■ Exercise instructions
Take the lines below from the one with "Estensibile finestra tensione" through the one with "Alternate Image 1" and retype them exactly. Include nothing else, and no pictures.

■ Provided material
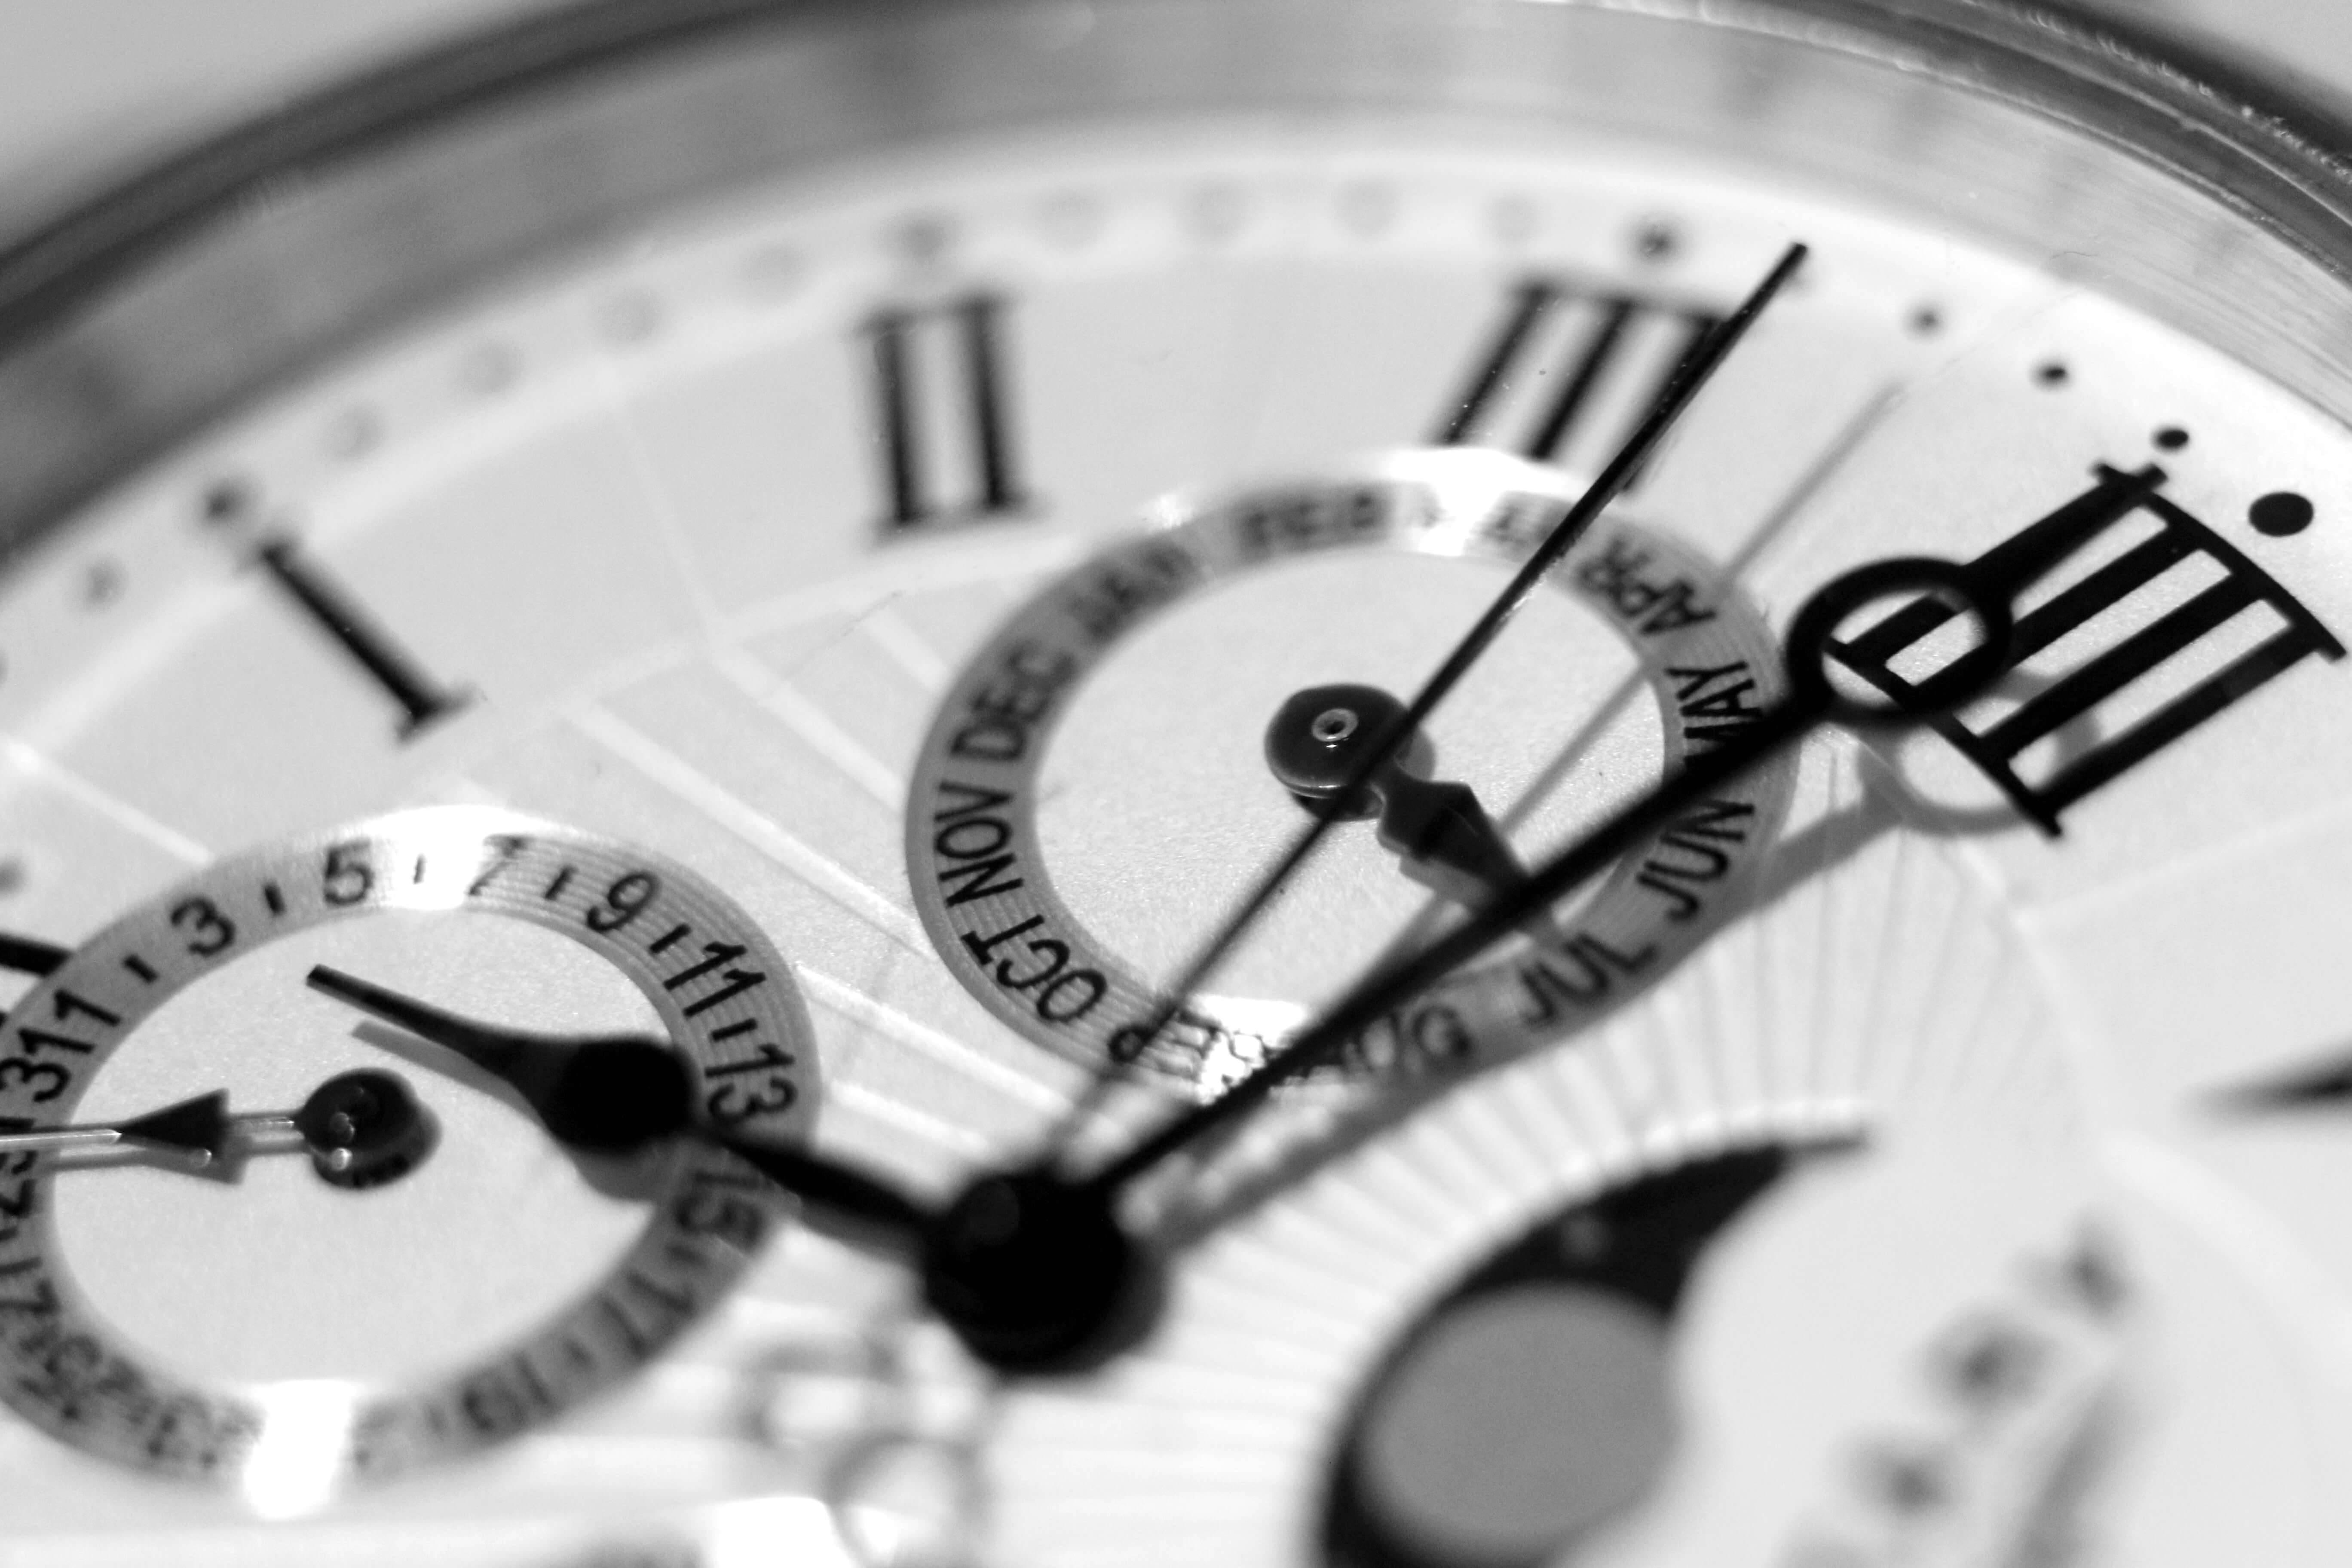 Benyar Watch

* * *

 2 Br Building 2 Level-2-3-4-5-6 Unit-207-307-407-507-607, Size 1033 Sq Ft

---

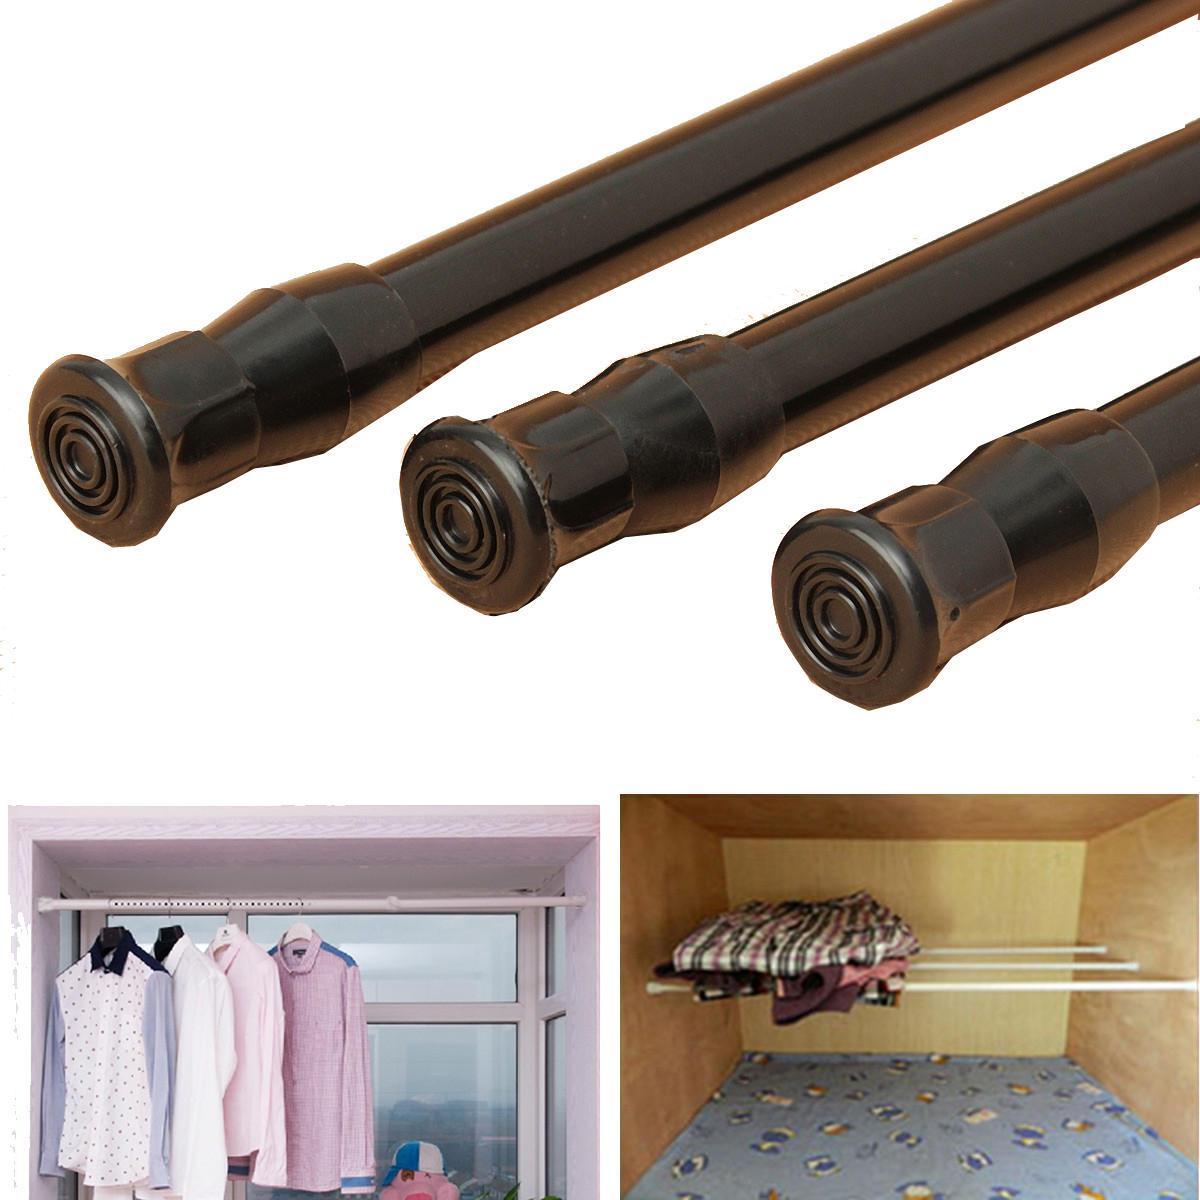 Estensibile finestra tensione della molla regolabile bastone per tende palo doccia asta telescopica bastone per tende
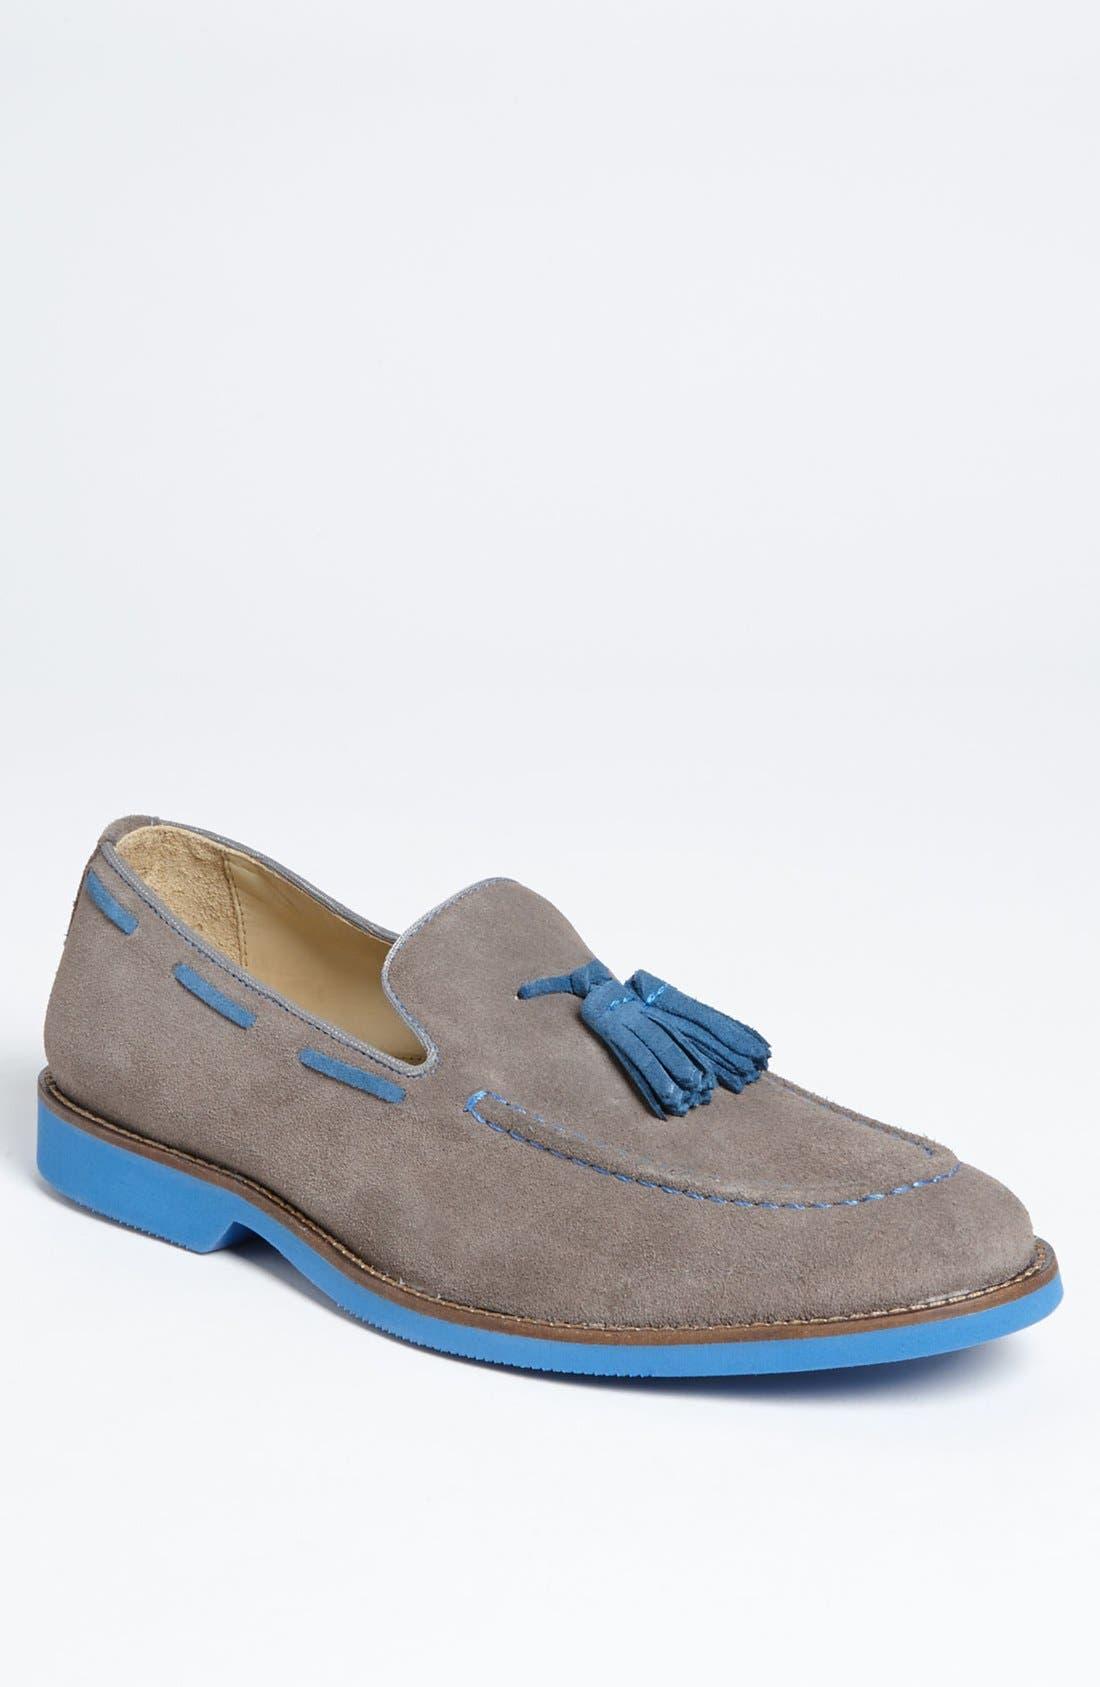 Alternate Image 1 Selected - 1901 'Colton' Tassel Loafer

■ Exercise solution
 Estensibile finestra tensione della molla regolabile bastone per tende palo doccia asta telescopica bastone per tende
 Alternate Image 1 Selected - 1901 'Colton' Tassel Loafer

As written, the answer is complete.